Banks with a platform that allows them to adapt to continuous change will be able to make banking better for billions more people and also help de-risk economies.
Banking today is unrecognizably better for hundreds of millions of people than it was even 10 years ago. In 2010, payments took days instead of minutes to clear; no one had heard of a banking app, let alone installed one on their phone; retail banks relied on high-street branches; fraud mitigation was manual, based on rules; and data was heavily siloed in departments, slowing decisions and stopping it from being used to reduce risk.
Some of the ways in which banking has changed are trivial: I once queued for hours to open an account and had to send a fax to reset a pin code; today that can all be done online in minutes. Some changes are more fundamental, such as the use of artificial intelligence to spot and stop fraud, or data analytics to cut risk in loan approvals.
SMEs, the backbone of any economy, are some of the big winners in this new world of open banking and digital financial services.
Companies who are too small to have a fully-fledged finance department have often had to jump through hoops to find out what bank products are best for them. Today, digital banks such as OakNorth and New10 specifically target SMEs by offering services that add value – such as cashflow analysis and timely instant loans.
Advances in banking have been made possible thanks to new technology – and fintechs offering commoditized, affordable uses for that new technology. These organizations provide payment services, customer identity verification, business intelligence solutions, forex services, credit checks, point-of-sale credit and much more. And new solutions are launched all the time, with the aim of making banking even better for many millions more customers.
Good news for customers
But as time goes on, the very definition of “better banking” evolves, too. New services become possible, available and eventually desirable. And if other industries much further down the road in their digital journey – such as media, telecoms and retail – are anything to go by, change in banking is only going to continue to gather pace. The digital banking genie is truly out of the bottle.
Ultimately, we’re heading towards banking as a utility. It won’t matter whether the financial services are provided by a telco, retailer, bank or another kind of company. Instead it will be how banking and banking-like services are integrated into our lives or businesses that counts.
Already, there are many companies without banking licenses offering useful banking-type services: digital wallets like PayPal, where customers can store funds and make payments; supermarket loyalty schemes, where the customer can spend the points in store or with partners; or airmiles, which can be spent buying flights or access to airport lounges. All are good examples. It seems likely that more such services will become available, so long as they follow regulators’ rules that protect consumer interests.

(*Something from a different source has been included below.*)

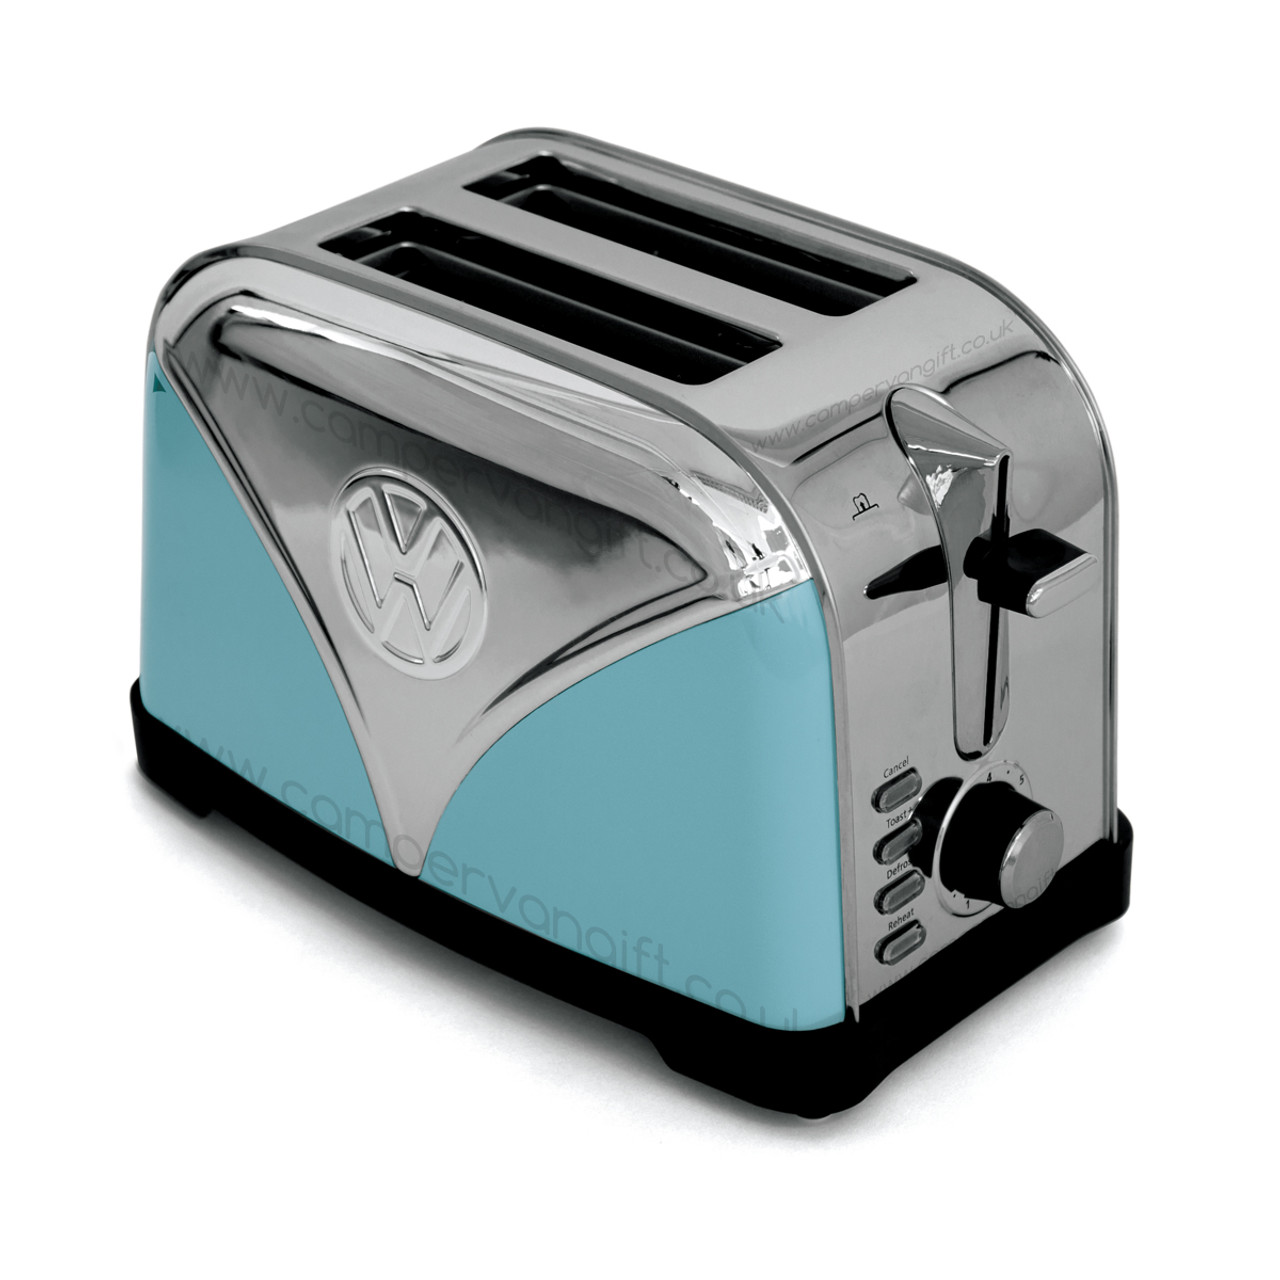 Vooruitzien Betrouwbaar Viva Volkswagen Campervan Toaster - VW Campervan inspired Toaster in Blue. Fetch  the Bread Now

All this is good news for customers, who get more suitable products and services and a better experience right at the point where they need it. It is also good news for national economies. A dynamic banking sector with carefully focused regulation and many, rather than a few, very large players is more stable. If one or even a number of banks becomes distressed, there is less risk of systemic failure overall.
As economies, society and technology continue to evolve, adapting becomes a Sisyphean task. It never stops. Banks must be set up to run at the pace of digital change. Being agile – with the ability to change according to need – is a prerequisite to survival. That is the philosophy behind the technical and business decisions banks make when they follow a composable strategy.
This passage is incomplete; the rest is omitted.